Given data:
BEGIN
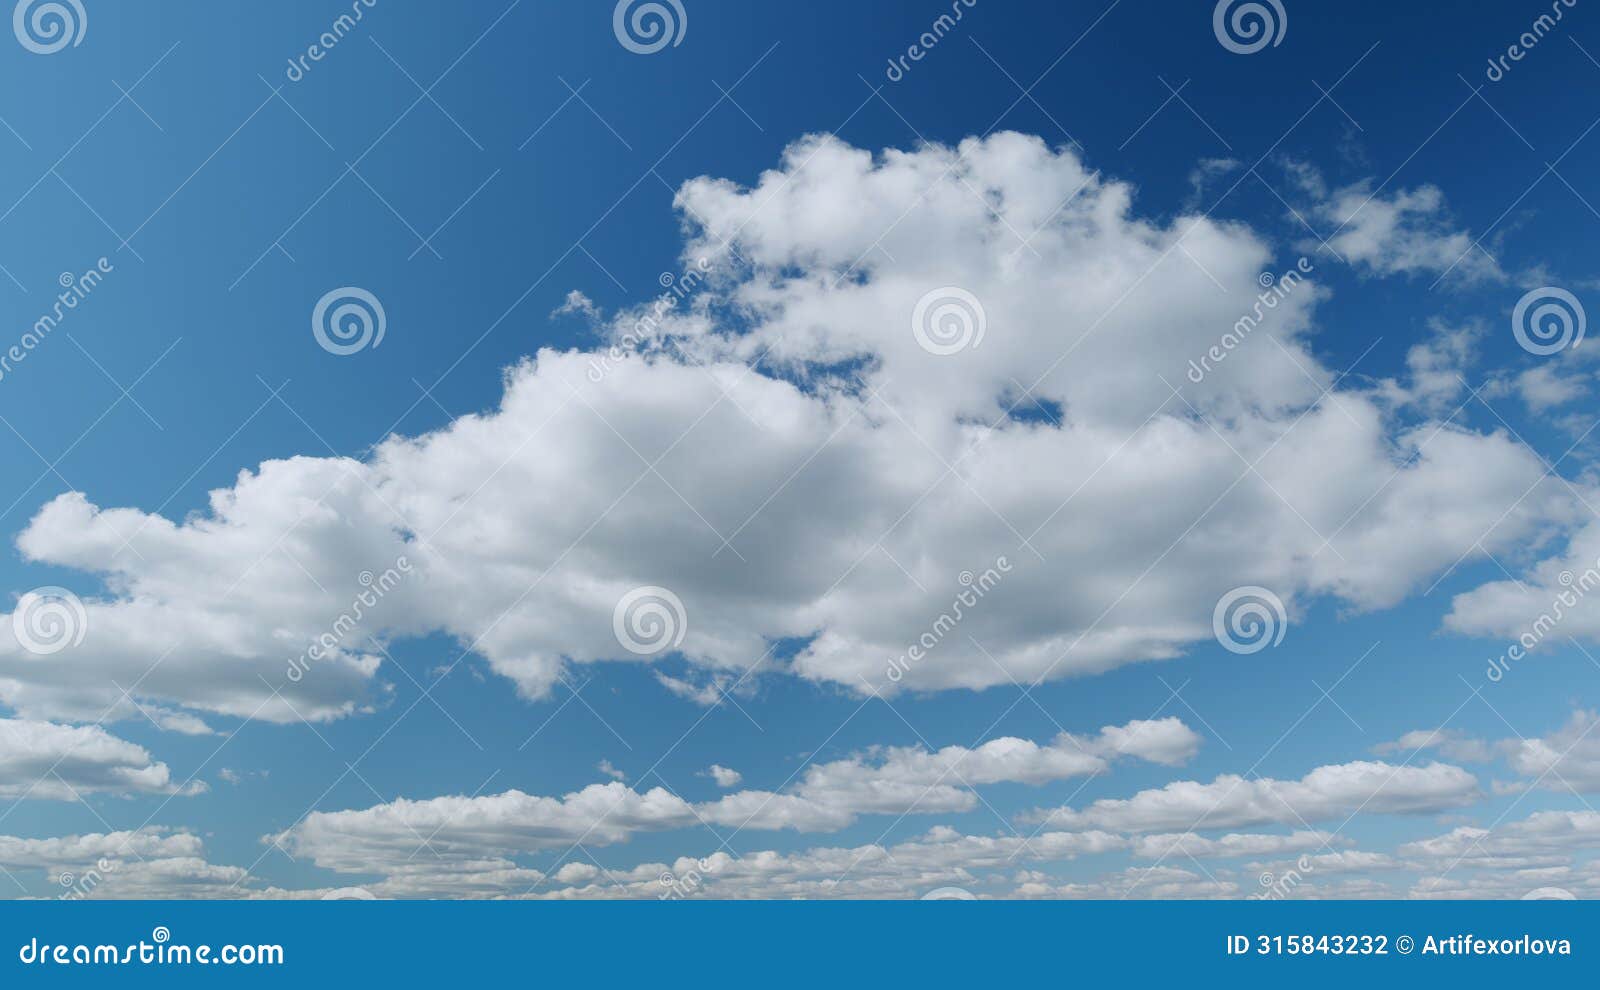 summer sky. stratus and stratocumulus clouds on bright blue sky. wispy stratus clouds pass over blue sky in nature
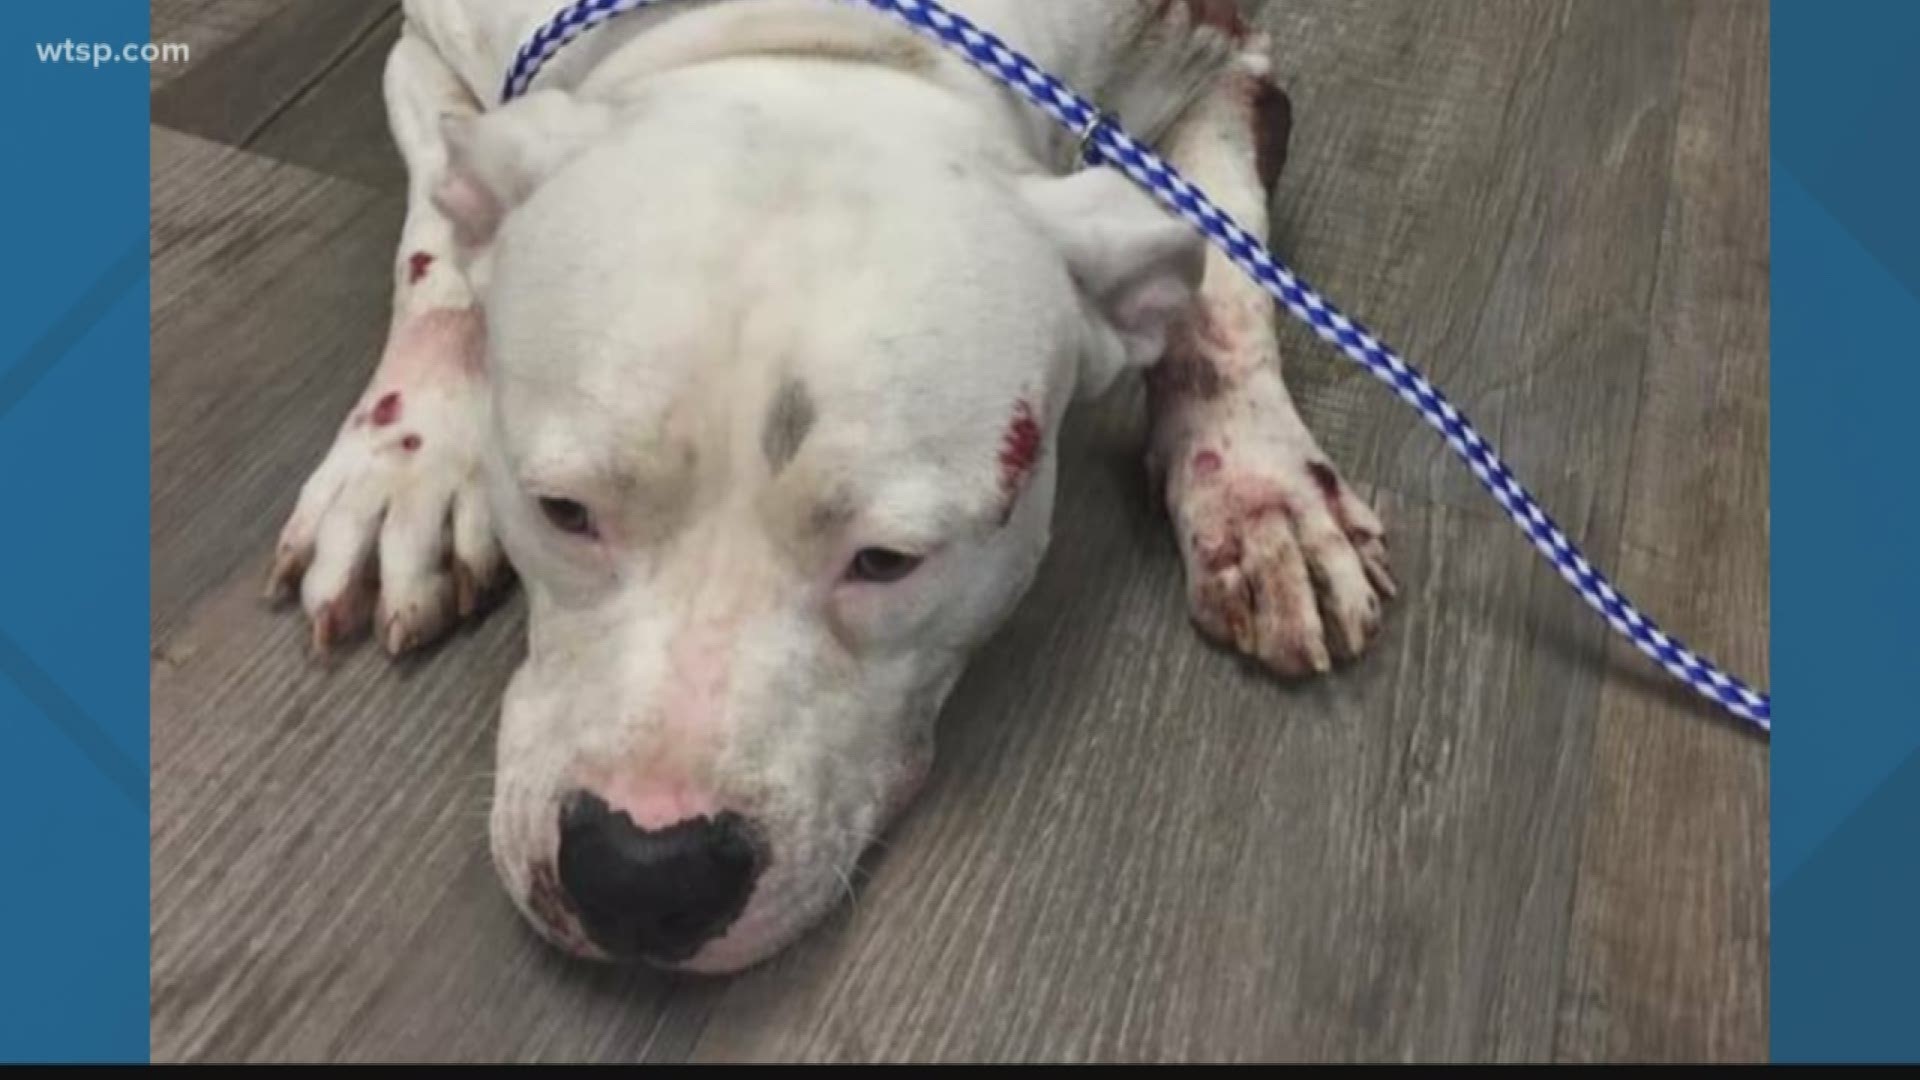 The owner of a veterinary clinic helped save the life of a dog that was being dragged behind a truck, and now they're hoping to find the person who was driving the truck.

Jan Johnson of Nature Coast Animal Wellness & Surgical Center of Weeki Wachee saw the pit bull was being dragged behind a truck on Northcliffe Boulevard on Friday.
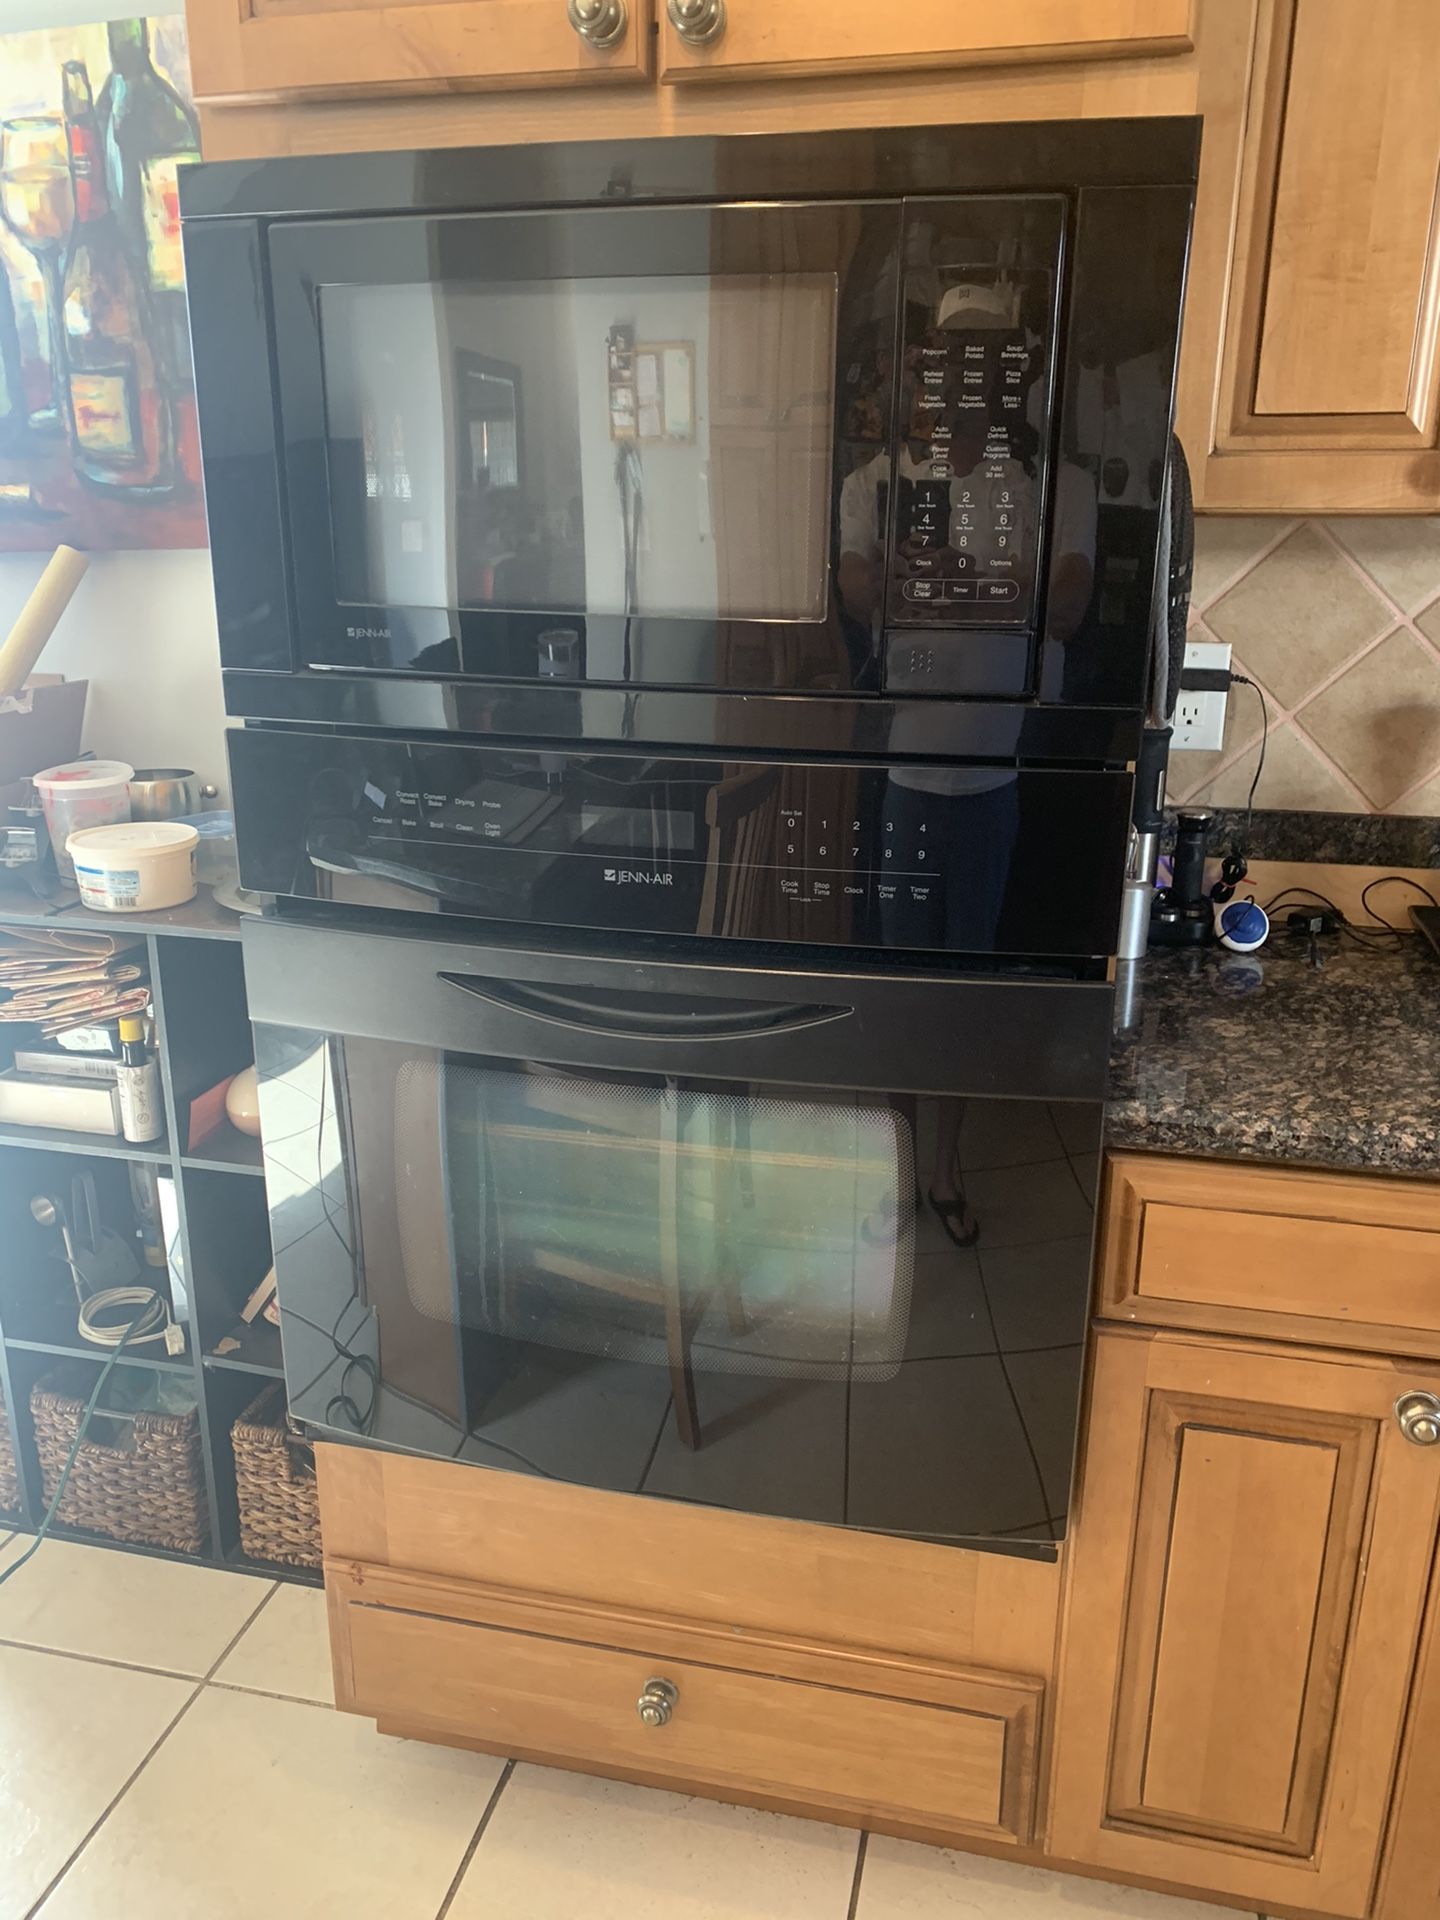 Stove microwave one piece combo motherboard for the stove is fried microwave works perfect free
END
Your assignment: Write out, word for word, the lines running from the one containing "The owner of" to the end of the data above; the pictures are to be left out.

Answer to the exercise:
 The owner of a veterinary clinic helped save the life of a dog that was being dragged behind a truck, and now they're hoping to find the person who was driving the truck.

Jan Johnson of Nature Coast Animal Wellness & Surgical Center of Weeki Wachee saw the pit bull was being dragged behind a truck on Northcliffe Boulevard on Friday.
 Stove microwave one piece combo motherboard for the stove is fried microwave works perfect free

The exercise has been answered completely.